Research output: Contribution to journalArticlepeer-review

28 Scopus citations


If the therapeutic potential of stem cell-based therapies is ever realized, demand for stem cells and derivative tissues will be tremendous and will create new challenges for health care systems, especially publicly funded health care systems. We propose a framework for the ethical analysis of stem cell research and development that considers the welfare of communities, tissue recipients, and cell sources in relation to a range of stem cell production and distribution options. Ethical desiderata include: equitable access, maximized potential therapeutic benefit across demographic and disease groups, and reasonable cost. Other ethical priorities include the minimization of stem cell line and tissue wastage, risk of immune rejection, risk of transmitting diseases, the use of human embryos, and risk to those contributing source cells.
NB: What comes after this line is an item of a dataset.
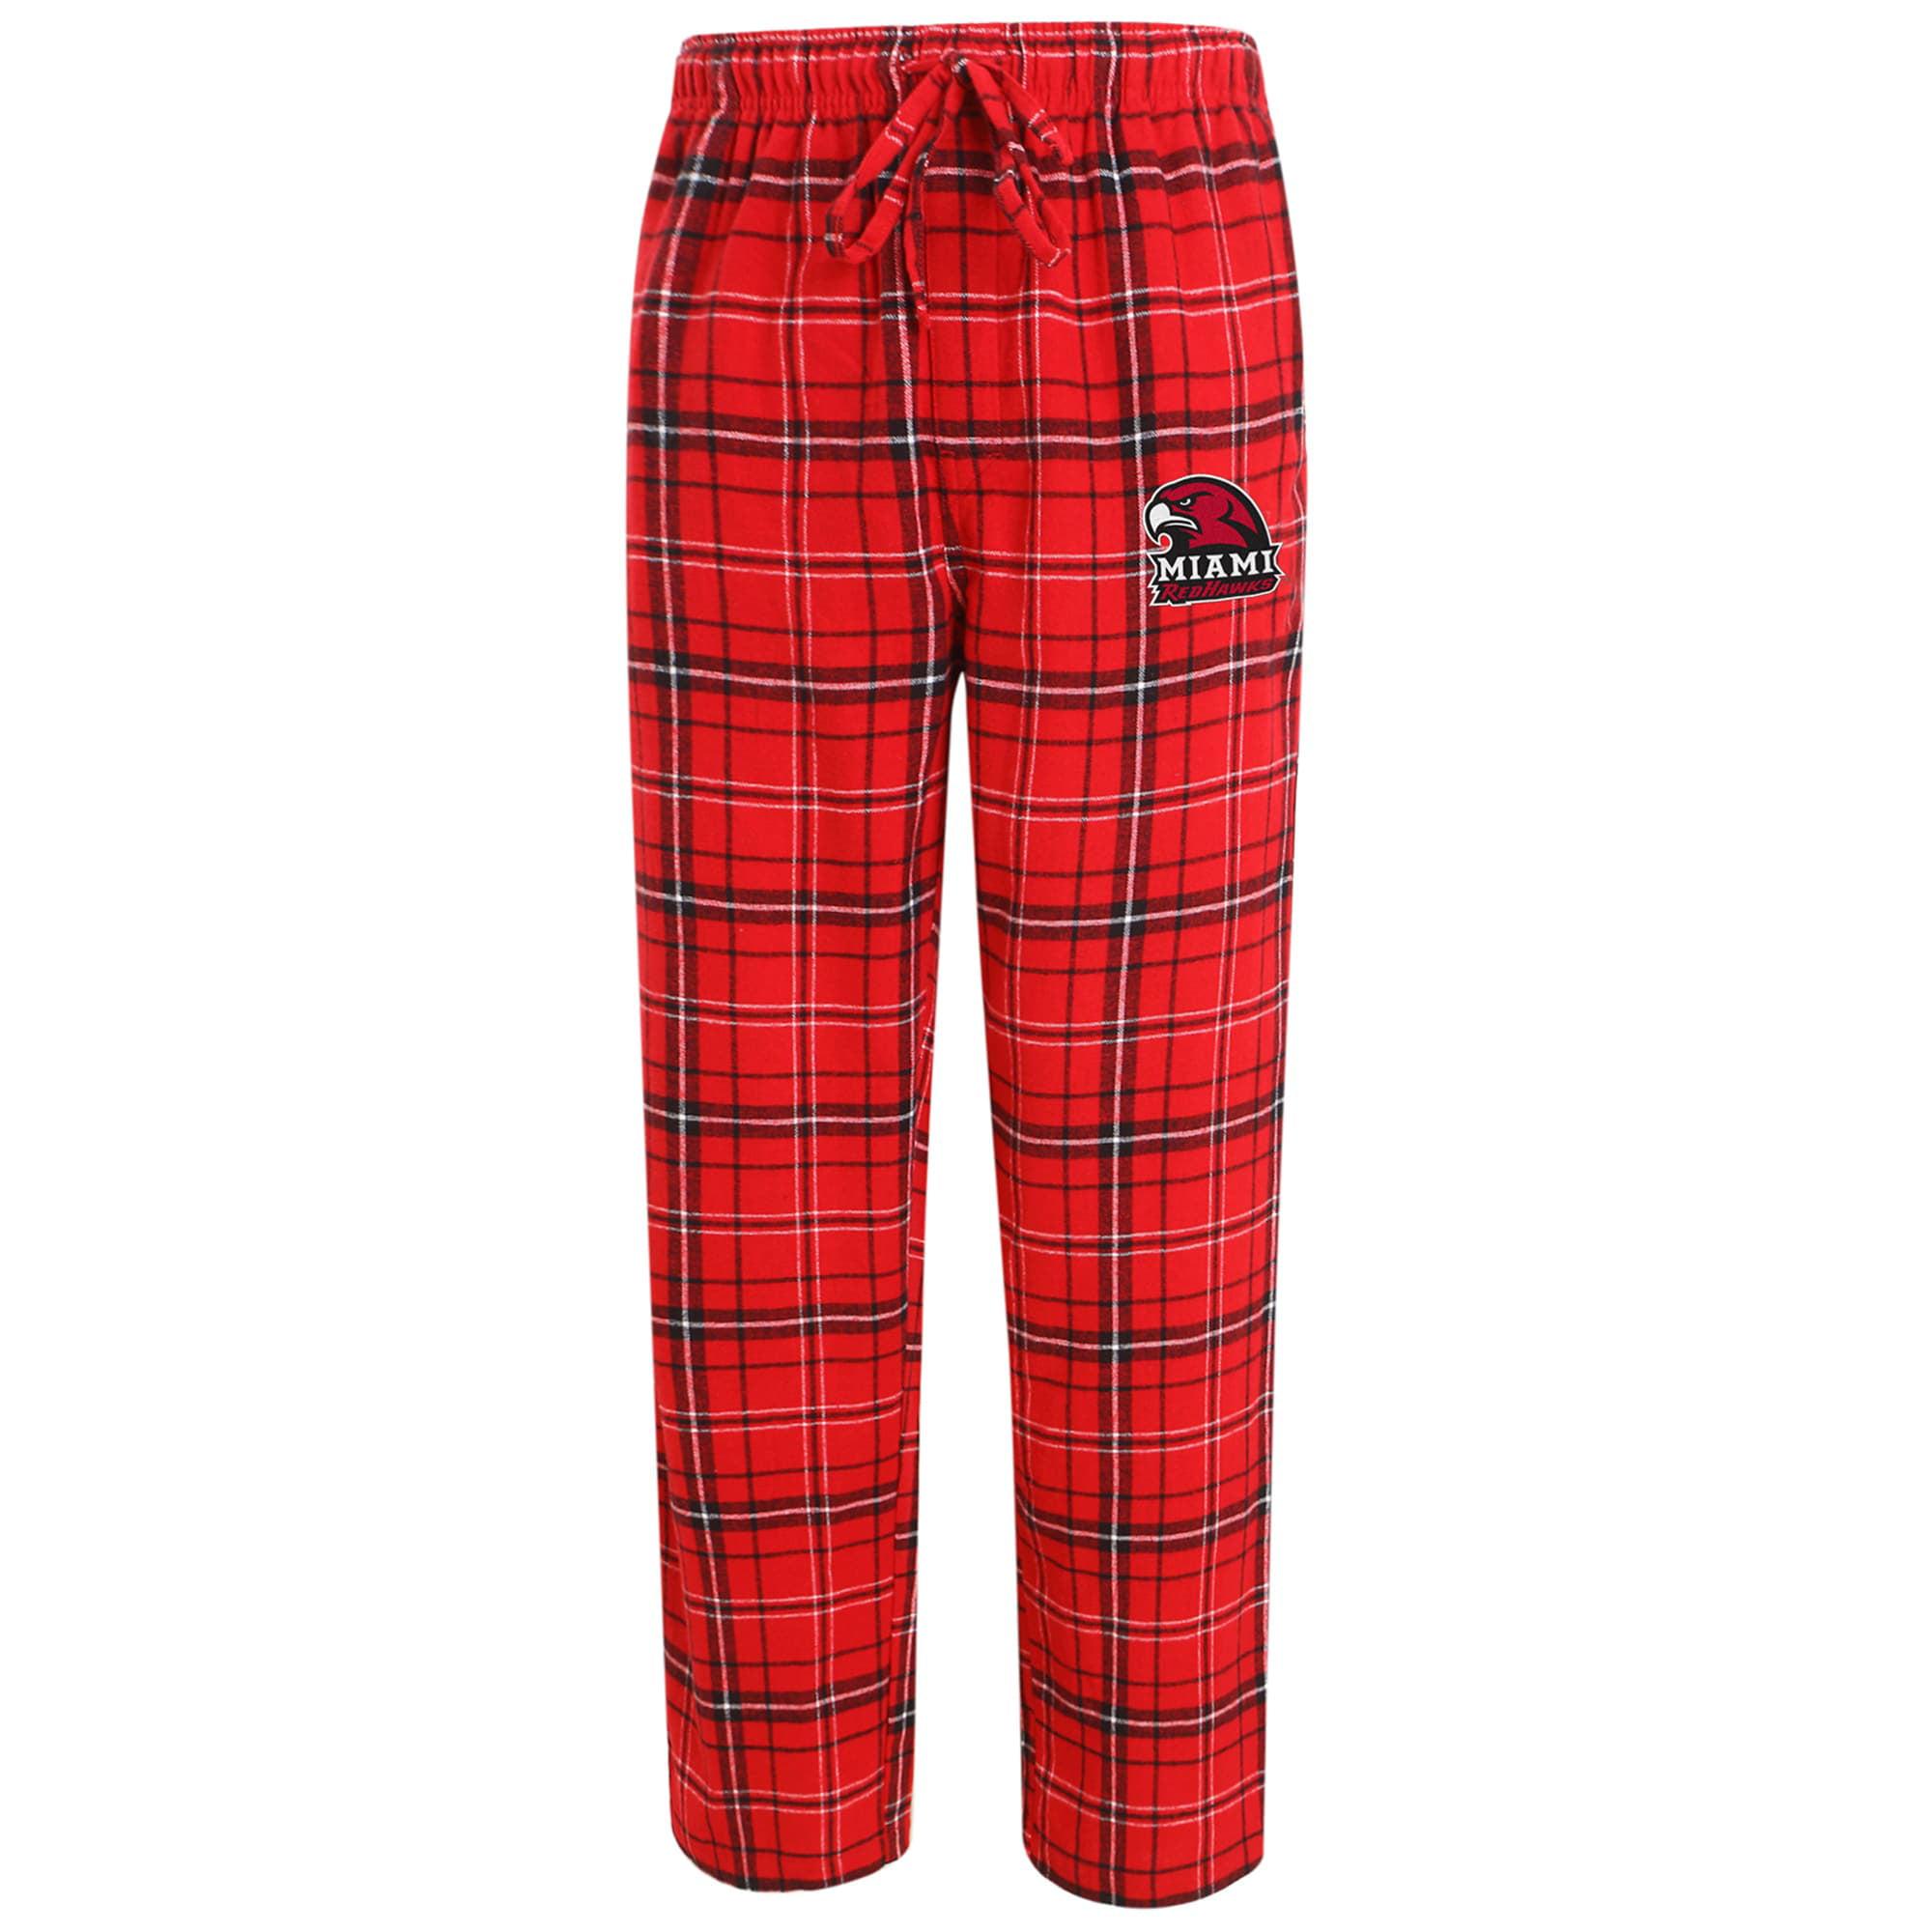 Stanford Cardinal Adult NCAA Team Pride Flannel Lounge Pants Team Color
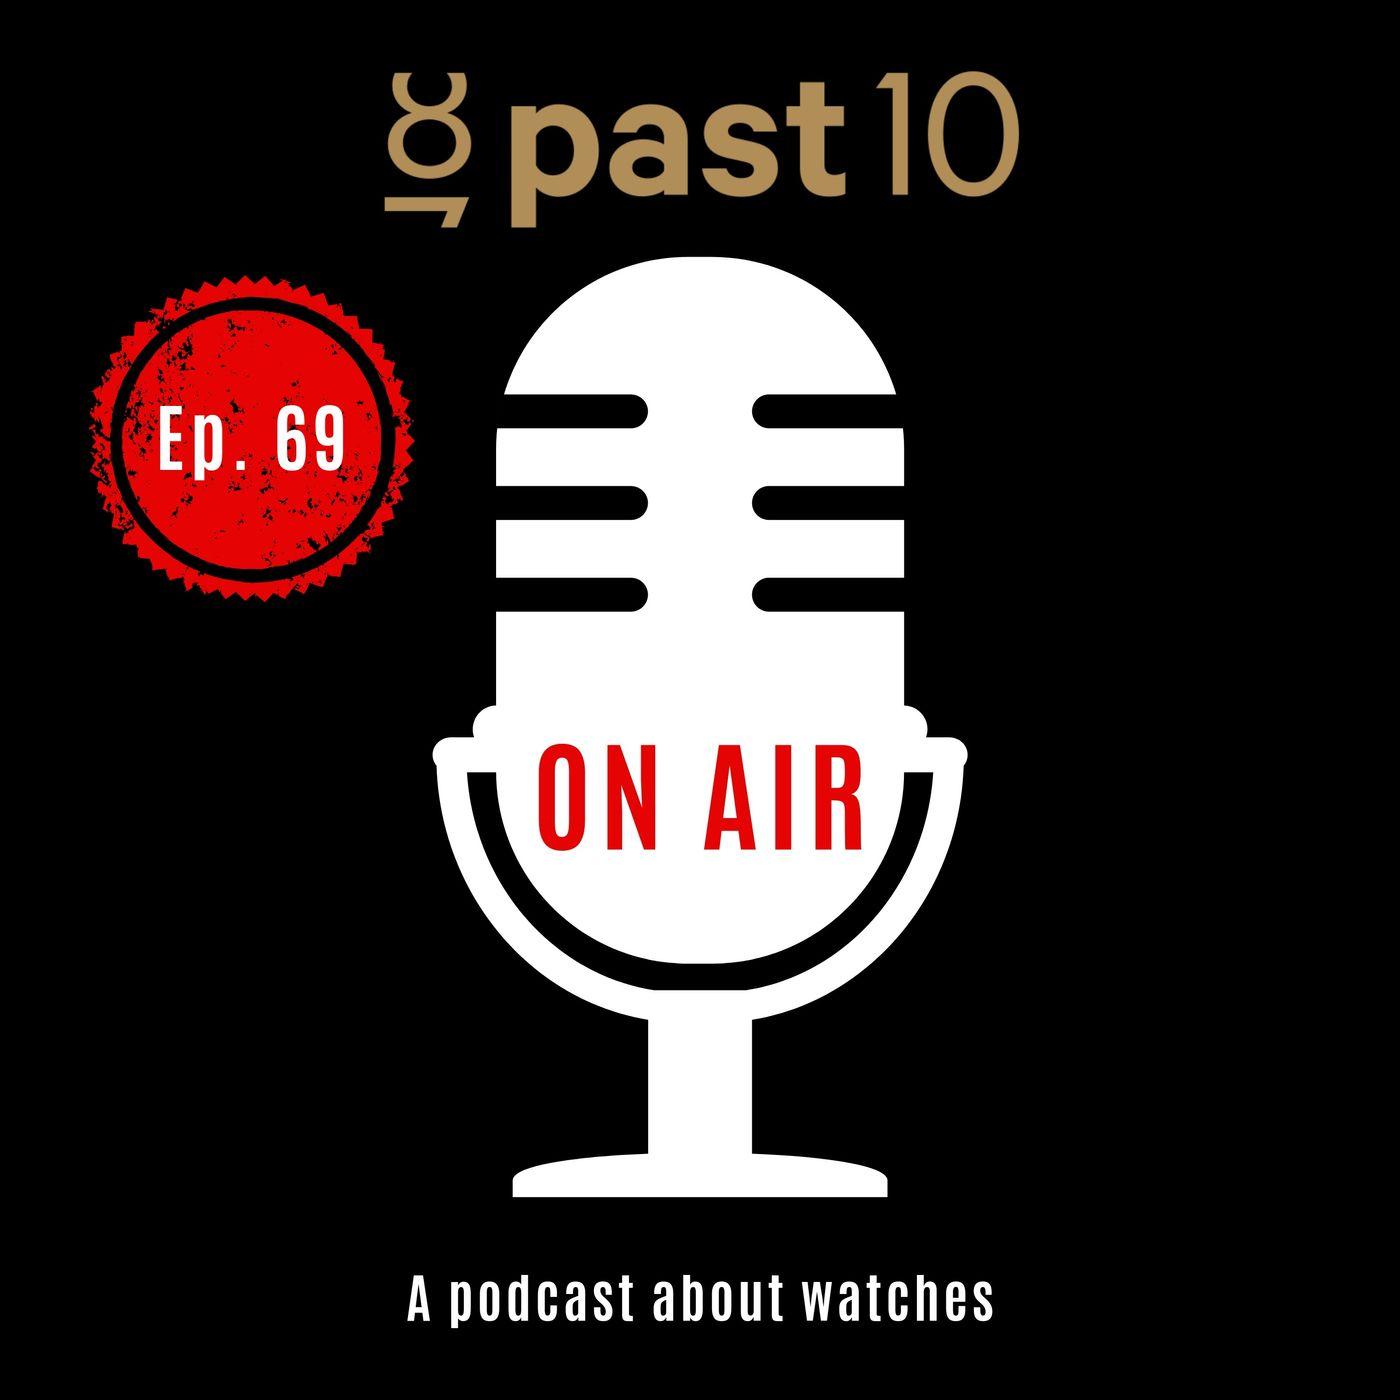 Episode 69 - The Magic Of F.P Journe

We array plausible sources of stem cells and distribution strategies to characterize 12 potential models for producing and distributing cells and tissues in the future. We describe "personalized", "matched", and "universalized" models, and compare the ethical acceptability of these models. Popular and scientific discourses about stem cells typically emphasize personalized or matched stem cell distribution models. We show that universalized models may ultimately best serve the interest of taxpayers, communities and patients who hold high stakes in the therapeutic success of stem cell science. They are therefore highly worthy of scientific pursuit. This conclusion is provisional and the framework must be reapplied as scientific knowledge, technological capacity and ethical mores evolve.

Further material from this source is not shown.